FX week ahead: Disorderly sell-off in Treasuries still stalk the FX market
USD: US Treasuries continue to cause havoc
Spot
DXY92.01
Week ahead bias
Neutral
Weekly range
91.30 - 92.20
1 month target
91.00
The FOMC meeting last week took center stage with the main takeaway from the event – a dovish undertone for an extended period of time. This resulted in the US Treasury market remaining unprotected adding to fears of a disorderly selloff in Treasuries. The spike of US 10-year yields to 1.75% certainly proved the point with volatility likely to continue. Put together most expect the disorderly selloff of US Treasuries to plague both equity and FX markets in the weeks to come.
FX markets will start the week nervous about US Treasuries which is most likely to drive FX direction for the week. Data wise, the US Calendar is relatively quiet with only February personal income data on deck. The FOMC will also be a driving force this week with lots of Fed speakers including Powell testifying on Tuesday and Wednesday alongside Treasury Secretary Yellen. The greenback will likely remain supported by sluggish rollouts of vaccines across Europe and expected monetary tightening in Brazil, Turkey and Russia.

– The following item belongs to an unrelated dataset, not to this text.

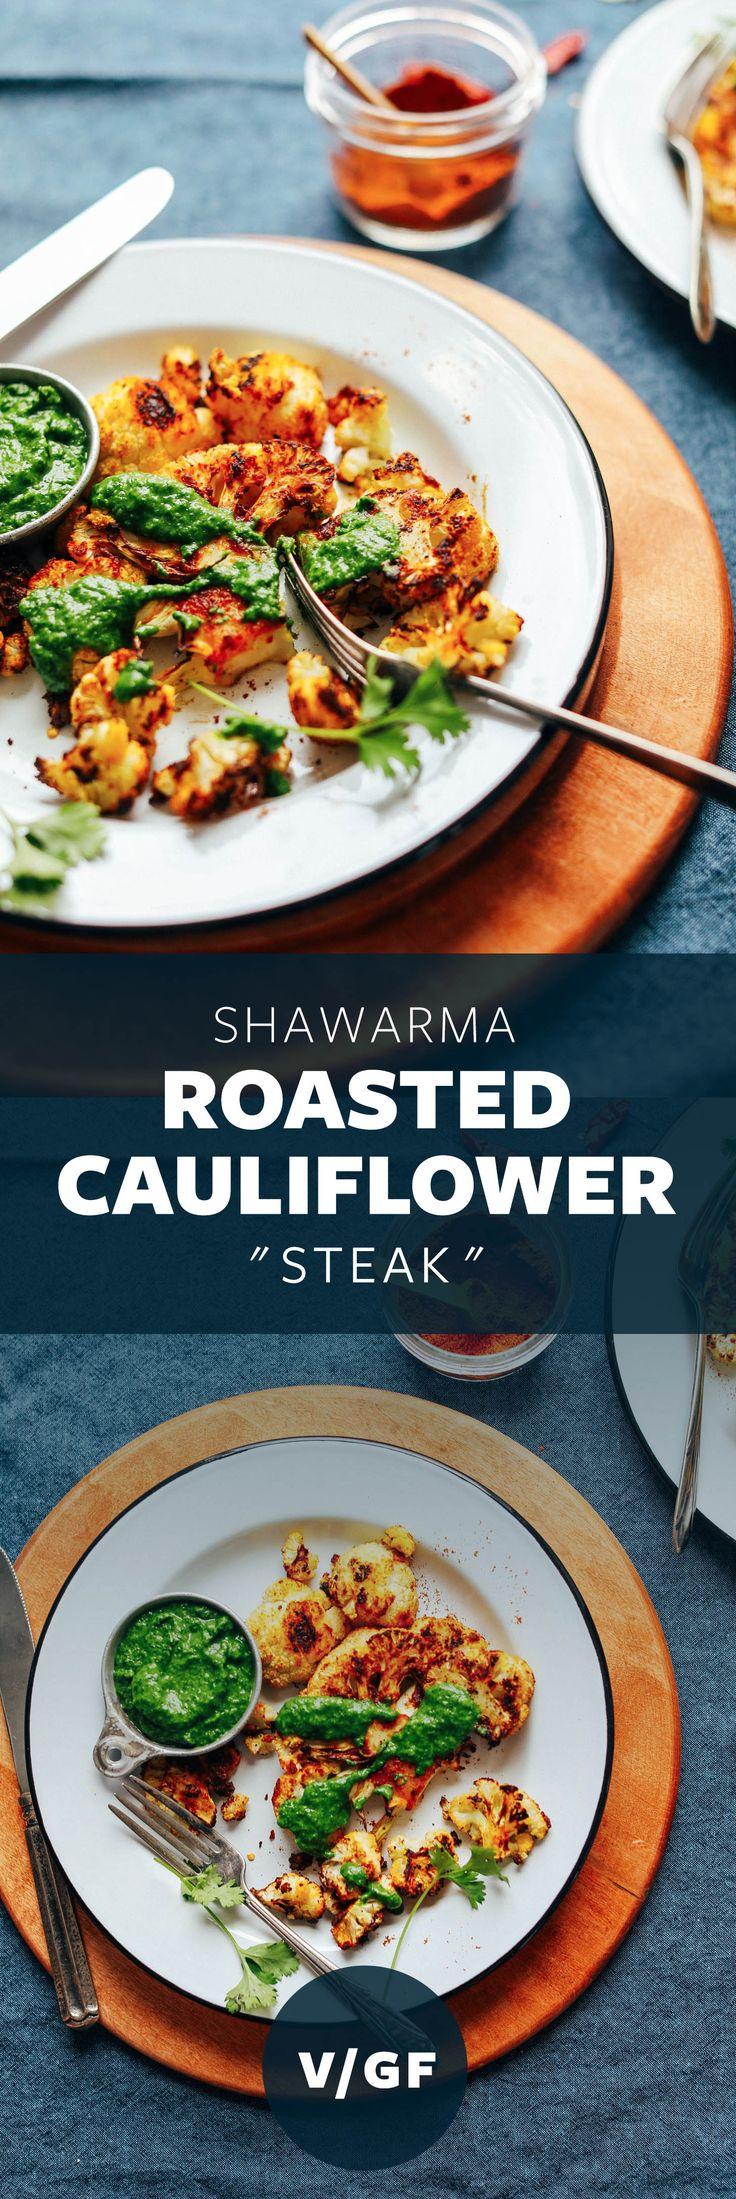 DELICIOUS Shawarma Roasted Cauliflower STEAK! 30 minutes, BIG flavor, served with Chutney! #vegan #glutenfree #minimalistbaker.

CAD: Will the BoC step in to calm the wild bond market?
Spot
USD/CAD1.2520
Week ahead bias
Neutral
Weekly range
1.2420 – 1.2620
1 month target
1.2500
There were no major spikes in February’s CPI numbers which provided a great runway for the BoC to continue its dovish stance “lower for longer”. The next inflation report is due a few hours before the April 21st meeting where economists expect the BoC to begin tapering current monetary policy measures.
There were some significant and wild swings in yields last week with Canadian Treasuries seeing the biggest increase in the G10 space in 2021 with a (+92bp) rise. Analysts continue to call for intervention by the BoC given the scary spikes which are likely to continue before the next BoC meeting. That said, the bond market is likely to be much healthier by the end of April but current volatility is likely to keep the BoC concerned over the immediate future. On the data side, retail sales in January dropped by a smaller margin than expected with no major data release until the January GDP numbers on 31 March. In the short term, the CAD will trade on broader market themes and the trajectory of oil prices.
EUR: A new Covid wave and new lockdowns imminent
Spot
EUR/USD1.1880
Week ahead bias
Neutral
Weekly range
1.1855 - 1.2000
1 month target
1.2100
Europe’s Covid-19 vaccination rollout continues to take its tool on the EUR. A new wave of covid spikes now look all but imminent in France, Italy and the Netherlands. New lockdown measures are coming into effect keeping pressure on the euro in the short term. The slow roll out of vaccines and safety concerns over the AZ vaccine have not help either.
This week’s economic calendar will be focused on how much the ECB increased its PEPP bond buying as well as a whole slew of ECB speakers. Data-wise the highlights will be the first look at March PMIs for the larger European economies and the German Ifo. With parts of Europe heading back into lockdown the euro will continue to remain pressured, closing the past week at 1.1855. Looking past the next several weeks, the euro is likely to rebound against the USD on trade fundamentals possibly toward the mid 1.30’s by the year end.
GBP: A return to the 1.40 level remains consensus
Spot
GBP/USD1.3850
Week ahead bias
Mildly Bullish
Weekly range
1.3730 – 1.4000
1 month target
1.3400
This coming week will be data packed week for the UK. After last week’s BoE meeting the upcoming reports will likely have a very small impact on the direction of the pound. Upcoming data releases including March headline CPI (Wed), January unemployment rate (Tuesday), March Service PMI (Wed) and February Retail sales (Fri). Overall, none of the above data releases are likely to change the current GBP sentiment.
The GBP/USD is likely to continue to drift higher given the current risk environment and macro-analytics. Trading bias remains higher with an expected return to the 1.40+ levels given the positive GBP outlook driven by the fast vaccination process and the expected economic rebound in 2Q.